Directed by Brian De Palma, this supernatural horror film is underscored by telepathy. As interesting as it may sound for a 1970s film, it is the story and its execution that make things more interesting than the subject. When Robin (Andrew Stevens) is kidnapped by a guy named Ben Childress (John Cassavetes), who intends to use Robin’s psychic abilities to develop weapons for the American government, Robin’s father, Peter Sandza (Kirk Douglas), who is a CIA agent, reaches out to high-school student Gillian Bellaver (Amy Irving), another psychic, with the hope that she can help him find his son and get him back safely. Will his plan be successful? ‘The Fury’ is based on the 1976 novel by John Farris, who also wrote the screenplay. You can watch it here.

5. Fargo (1996)

A black comedy written and directed by the Coen Brothers (Joel and Ethan Coen), ‘Fargo’ tells the story of Jerry Lundegard (William H. Macy), a car salesman hailing from Minneapolis and facing a cash crunch. He decides to use his father-in-law’s money to come out of it. He thus hires two thugs, Carl Showalter (Steve Buscemi) and Gaer Grimsrud (Peter Stormare), to get his wife kidnapped, and the ransom shall be split among the three of them. But things do not go as planned, and three people are killed. This brings persistent and pregnant police chief Marge Gunderson (Frances McDormand) onto the case. True to the genre, the movie has a lot of dark humor, and thanks to the acting prowess of Buscemi and Stormare, it never feels over-the-top.
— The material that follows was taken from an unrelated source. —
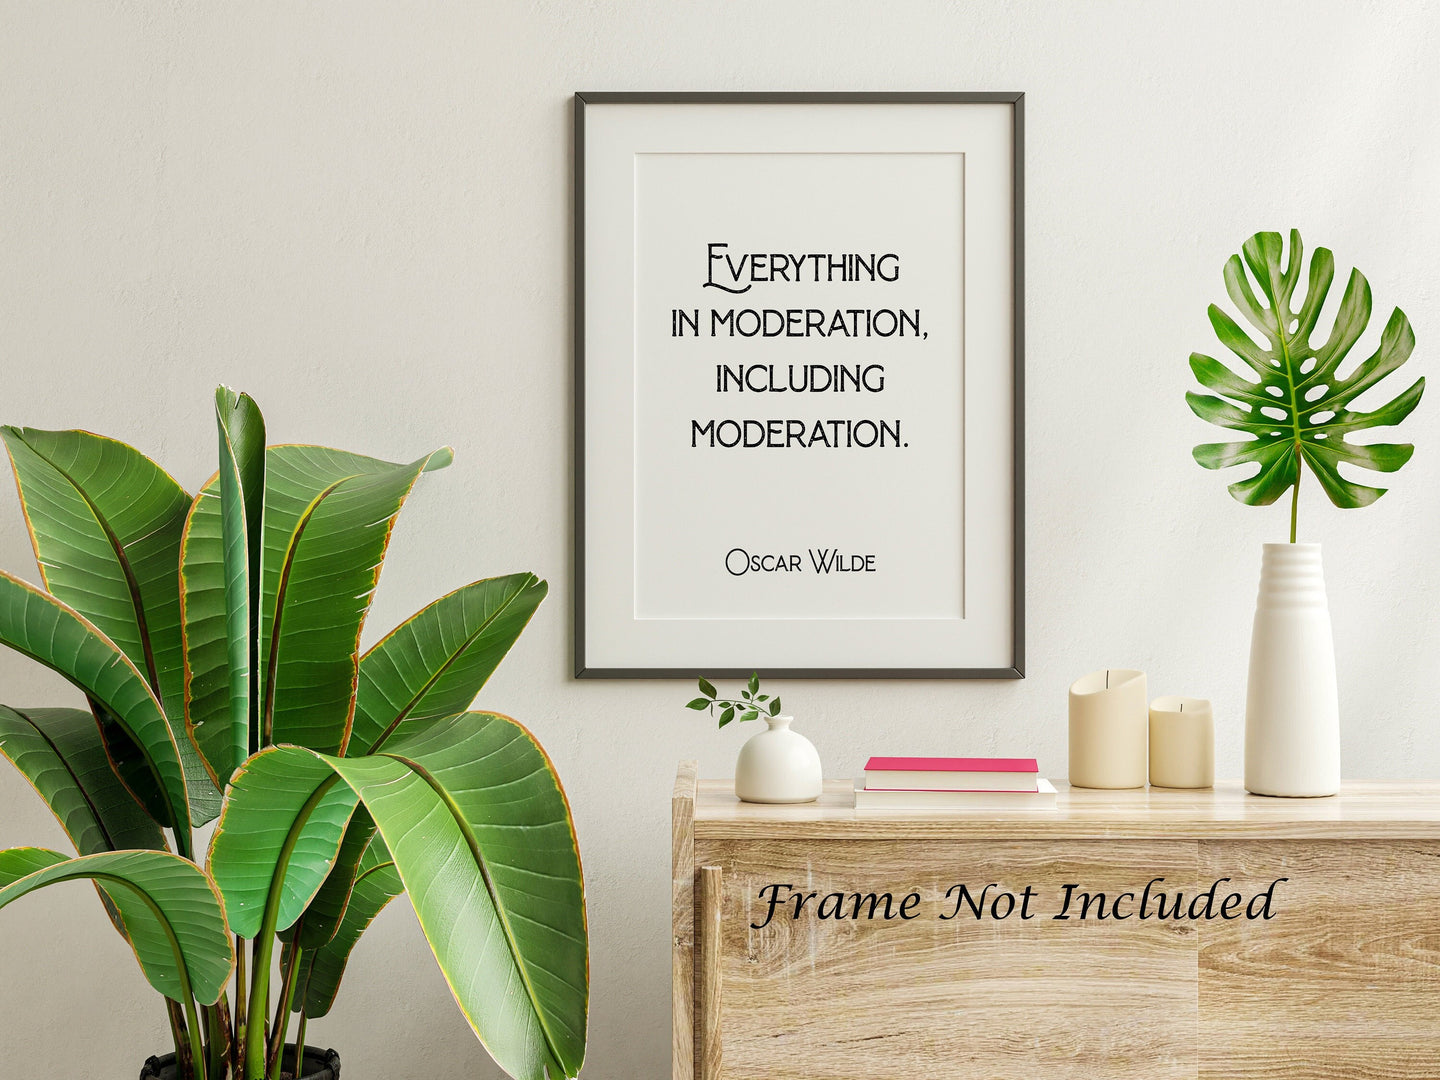 Oscar Wilde Quote Print - Everything in moderation, including moderation - Physical Print Without Frame
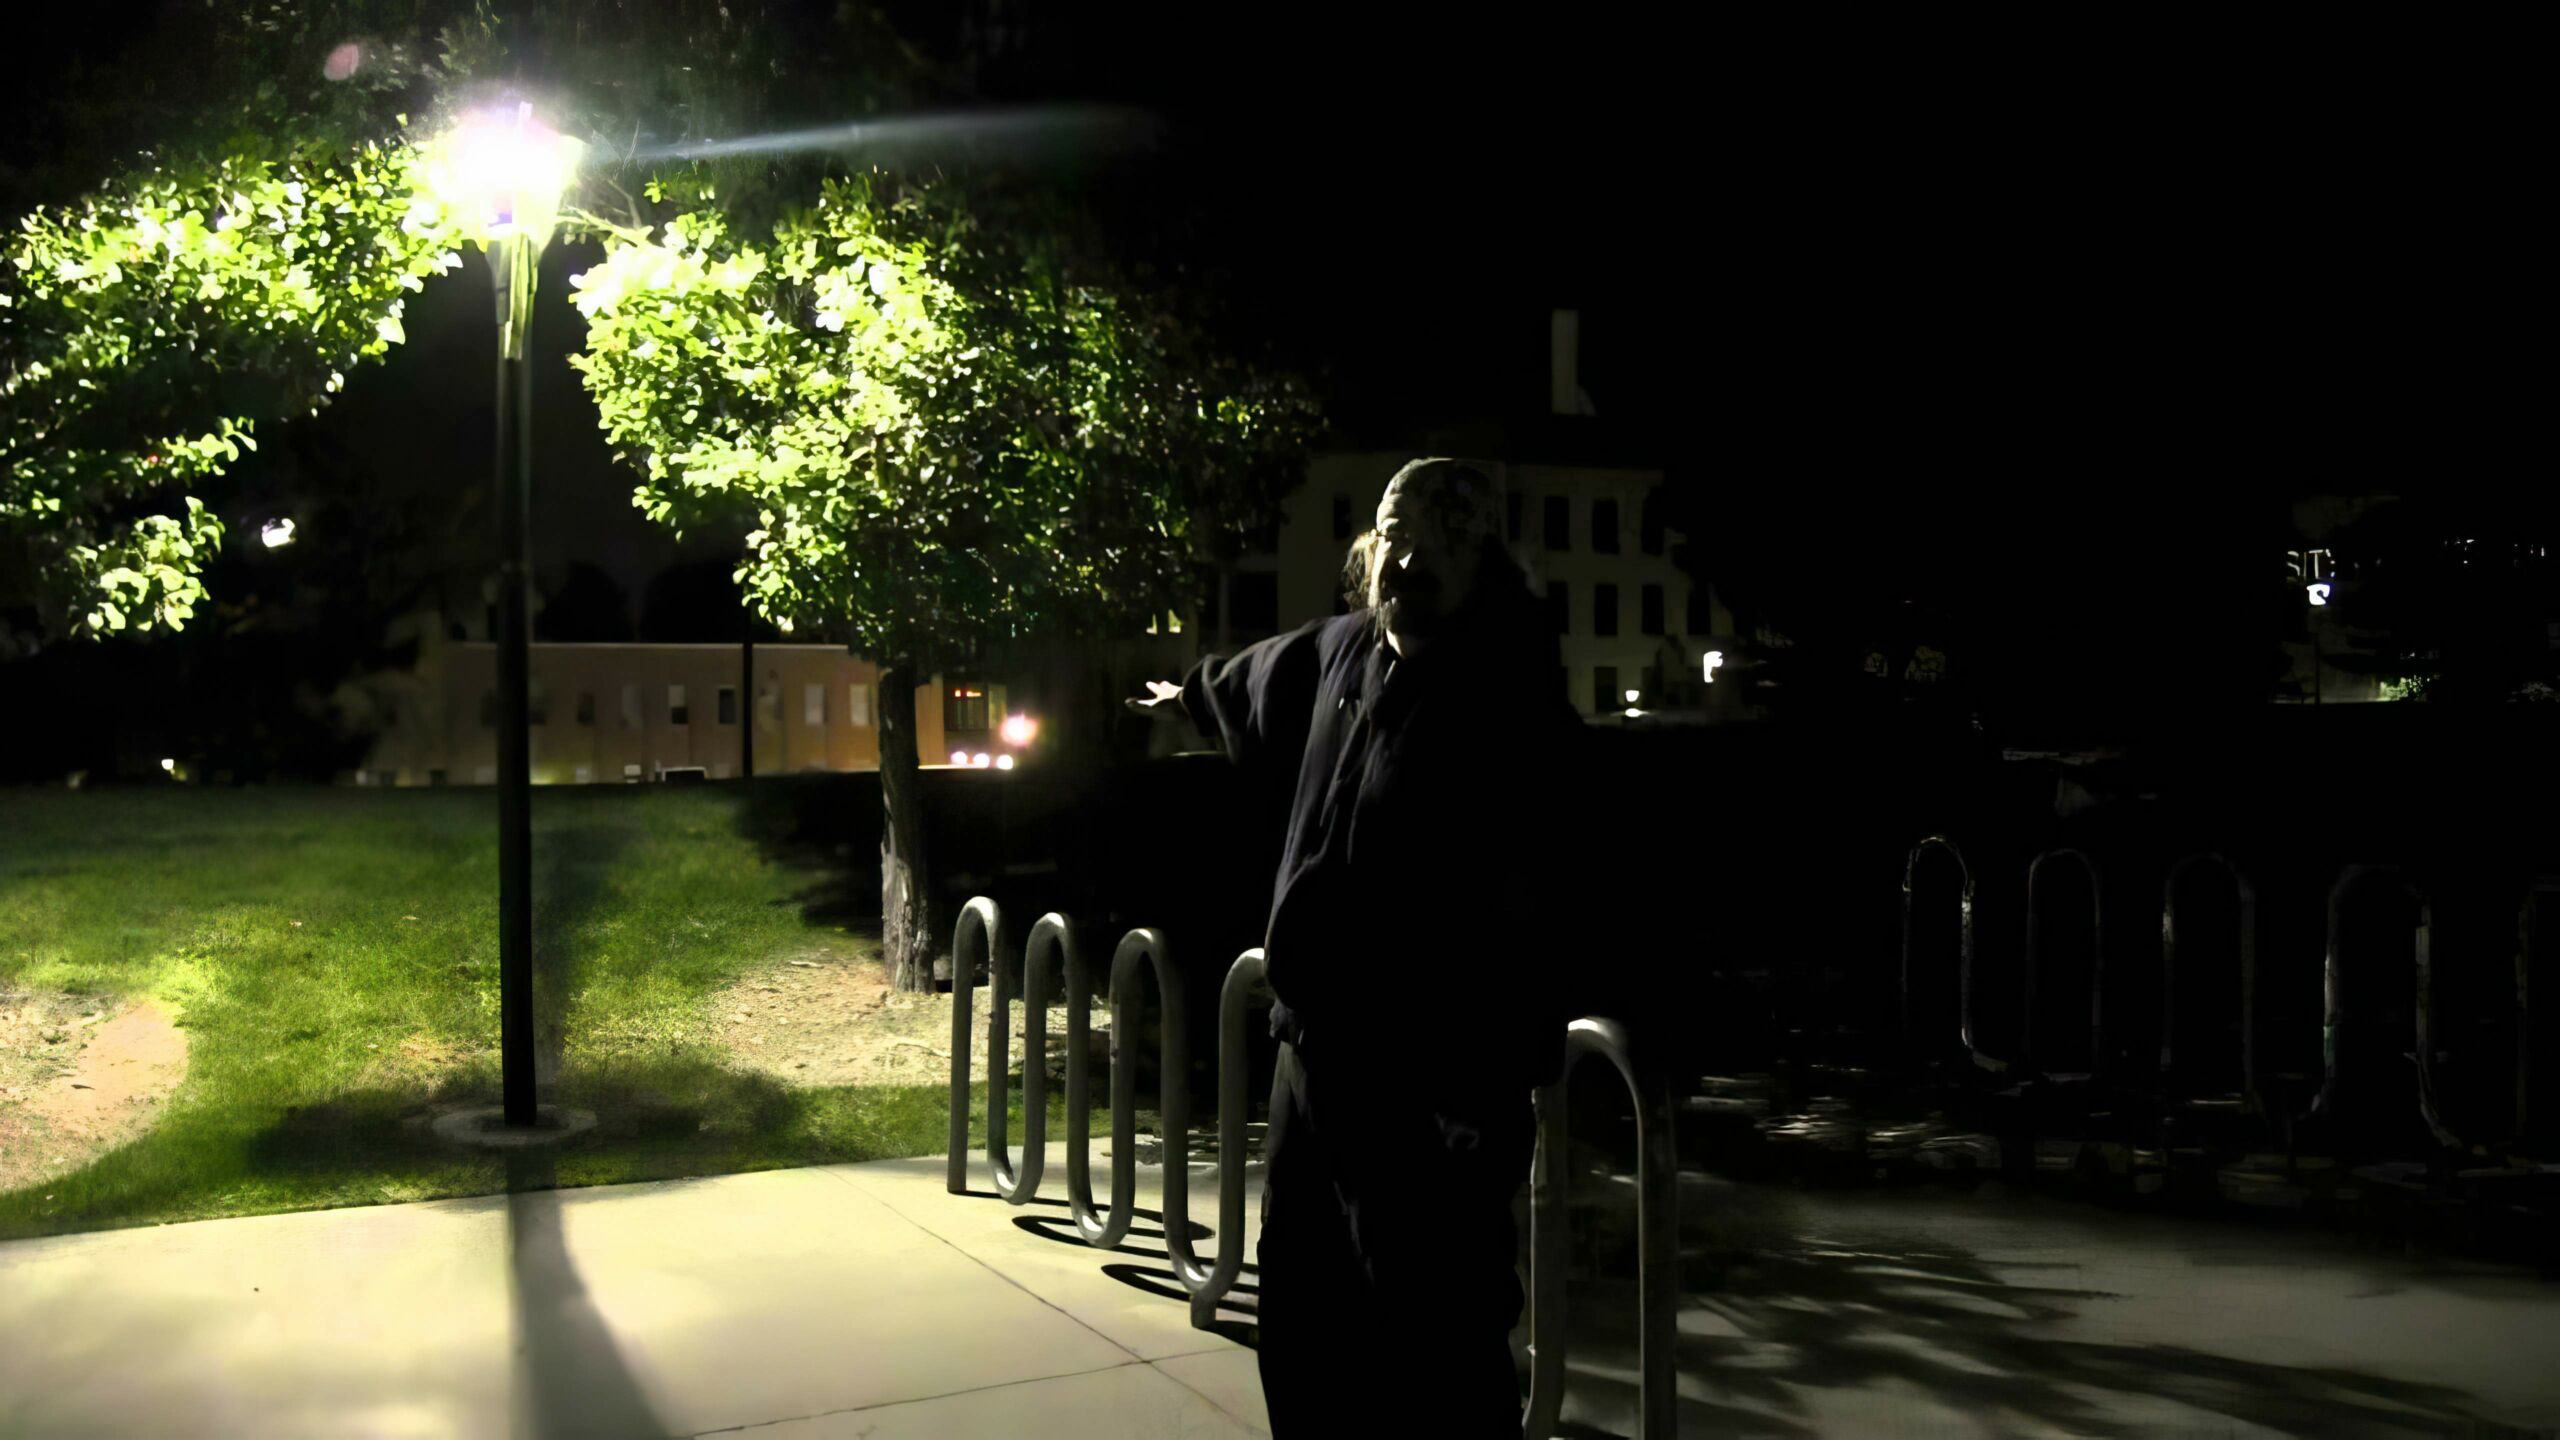 A man at night, nearly hidden in the glare of a park light.

There are many reports regarding the truth behind the plot. The director duo stated that they wrote a fictional story based on a real incident that occurred in Minnesota in 1987 and later contradicted that the murders didn’t happen in Minnesota, while many Minnesotans speculated that the story was inspired by an attorney named T. Eugene Thompson who hired a man to have his wife killed in 1963. The special edition DVDs stated that the film was inspired by the murder of Danish flight attendant Helle Crafts at the hands of her husband in 1986. In 2015, Joel Coen even stated that the whole story is fictional. So, no one really knows the truth behind the story, or at least no one is willing to tell. You can watch ‘Fargo’ here.

4. Man on Fire (2004)

‘Man on Fire’ is directed by Tony Scott and is based on the 1980 novel by A. J. Quinnell. The movie is set against the backdrop of Mexico City, which has fallen prey to kidnappings, 24 in a 6-day period, and tells the story of hopeless and depressed former CIA operative John Creasy (Denzel Washington), who is given the responsibility, albeit a reluctant one, of guarding 9-year-old Pita Ramos (Dakota Fanning), daughter of industrialist Samuel Ramos (Marc Anthony) and his wife Lisa (Radha Mitchell). Slowly, Pita begins to make life seem less harsh for John, who starts to smile again. But his smiles are short-lived as Pita is also kidnapped, and he receives a bullet in the process. Wounded and enraged, John vows to find each and every single person involved in the kidnapping and, in his endeavor, digs up corruption in high places of power, which plays a huge part in the kidnapping racket.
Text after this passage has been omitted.